In defence of the fashion runway gimmick

The SS23 season was one of SEO stunts and cheap gags – and it was all the better for it

Fashion is an industry based on conjecture. Most of the clothing paraded at shows will never leave the runway – one version is made, to be worn once, by one model. In fact, thousands of garments are never commercially produced, because on the catwalk, creativity is simply a ruse for all the boring stuff that actually sells. So to watch these pieces trundle out season after season, let alone write about them, is an act founded in fantasy. The scam is the central proposition: convince people to buy stuff they don’t actually need on the vague promise that it will somehow bring them closer in line with themselves. So it’s easy to give oxygen to cynical hot takes lambasting the methods designers use to market their product to the masses, because fashion is ephemeral and fashion is stupid – right?

The SS23 season was one of cheap gimmicks and SEO stunts, apparently. NCT’s JENO walked for Peter Do, Gucci sent out 68 sets of identical twins, Beate Karlsson made each and every one of her models fall over, Paris Hilton closed Versace, FKA twigs closed Miu Miu, and Bella Hadid closed Coperni with a dress being airbrushed onto her body in real-time. The headlines wrote themselves. That last instance, according to critics, was at best a sorry indictment of culture, and at worst, a misogynistic vision of a woman bending to the whims of men. It couldn’t compete with the horror (!) and the beauty (!!) of Alexander McQueen pelting Shalom Harlow with paint – and how dare people draw comparisons between the two.
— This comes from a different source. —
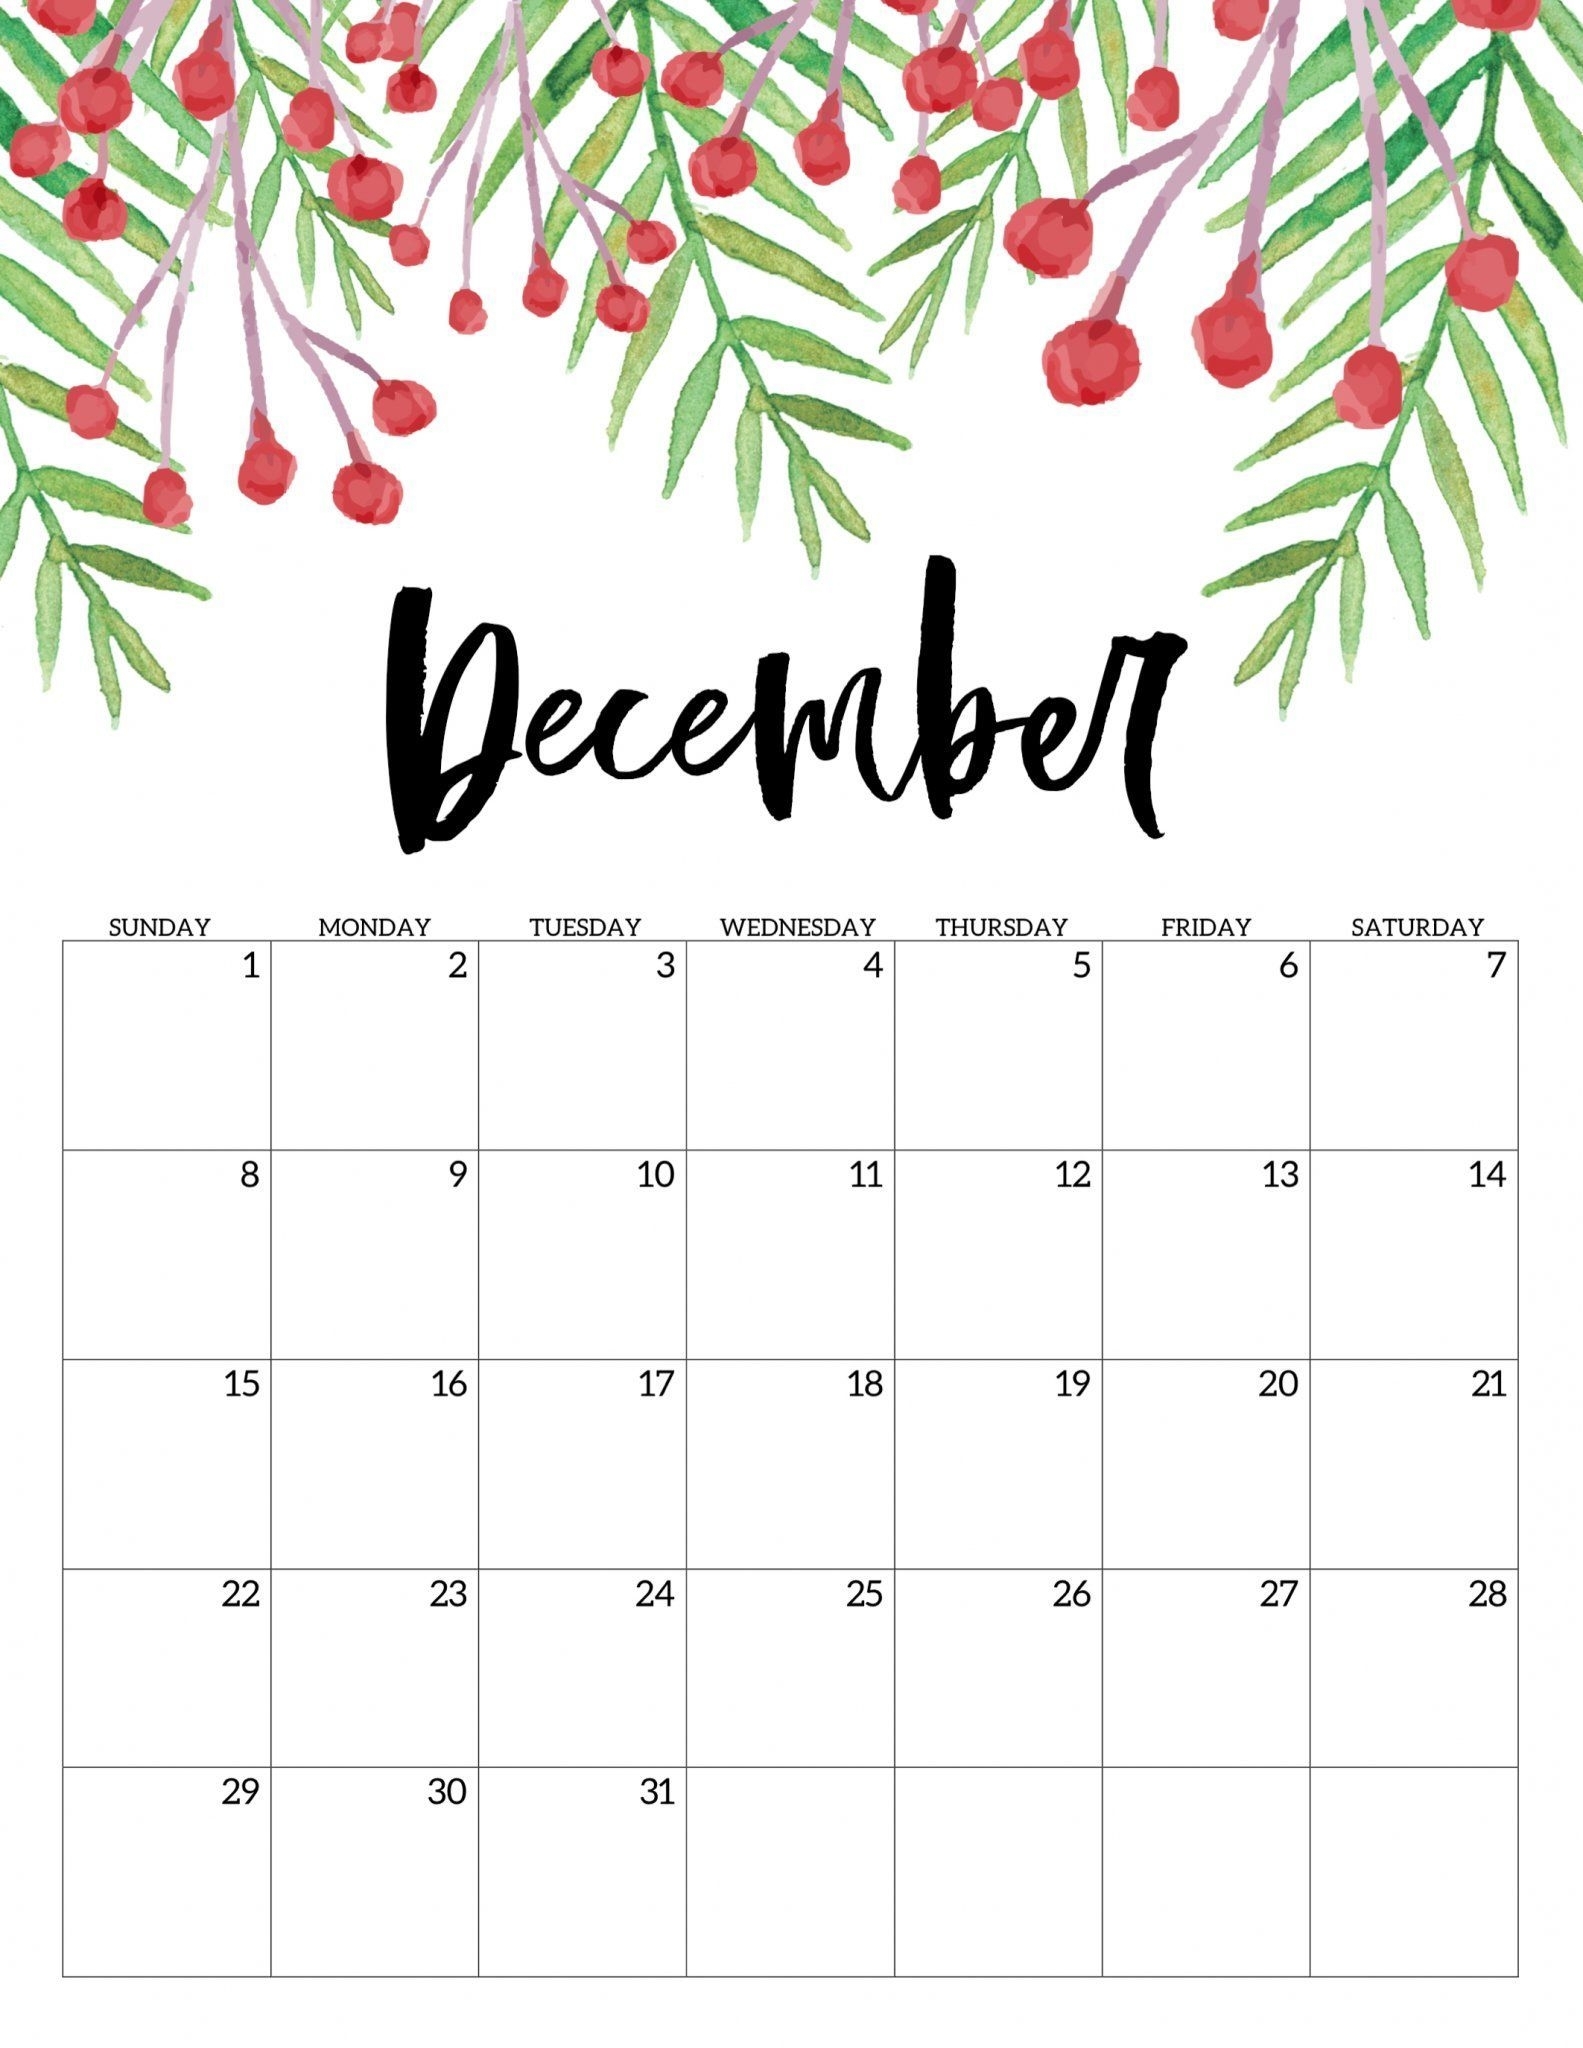 December 2019 Calendar A4 Size Landscape Vertical Portrait

Yes, Coperni’s gag may have been a little concept thin, but there is merit and intellect to be found in the silly tricks of fashion week, which is so often a joyless carousel of boring clothes.

Social media has created a new lens for literally anything and everything to be tirelessly scrutinised, but finding the real worth in something is a much harder project. At this point, we all know what the phrase “attention economy” means – it’s not interesting and nor is it noble to reduce everything to vacuous, algorithmic fodder. To see a supermodel strut onto the catwalk in her underwear and leave in a strapless dress made of liquid fibre is fun, and perhaps it doesn’t need to be more than that. It may have taken 15 minutes from start to finish, but it’s been sped up on Instagram and the effect is quite bewitching actually. The same goes for Paris Hilton stropping down Donatella Versace’s runway like someone’s just asked her to complete a menial task. It was Donatella, after all, who first recognised the power of a celebrity cameo, converging fashion with pop culture in the 90s.

It’s a point worth remembering: we’ve always looked for spectacle in fashion. McQueen was the master – obviously – followed by Galliano, Margiela, Mugler, Chalayan, Gaultier and all the other greats, but to constantly look over our shoulder and laud the past is retroactive and derivative. We can no quicker return to the theatre of McQueen’s playhouses as we can return to a time before phones had cameras. And people once thought the twists and turns of a McQueen show were misogynistic gimmickry, too. Besides, doing something fun and doing something in an attempt to go viral are not mutually exclusive. Jonathan Anderson’s turn as meme merchant is a good example of that; creating bizzaro pieces like egg-splat heels and car-dress hybrids that are both lighthearted and travel well on the feed. We need to stop expecting fashion to be more than it’s capable of – there is often value in cheap thrills.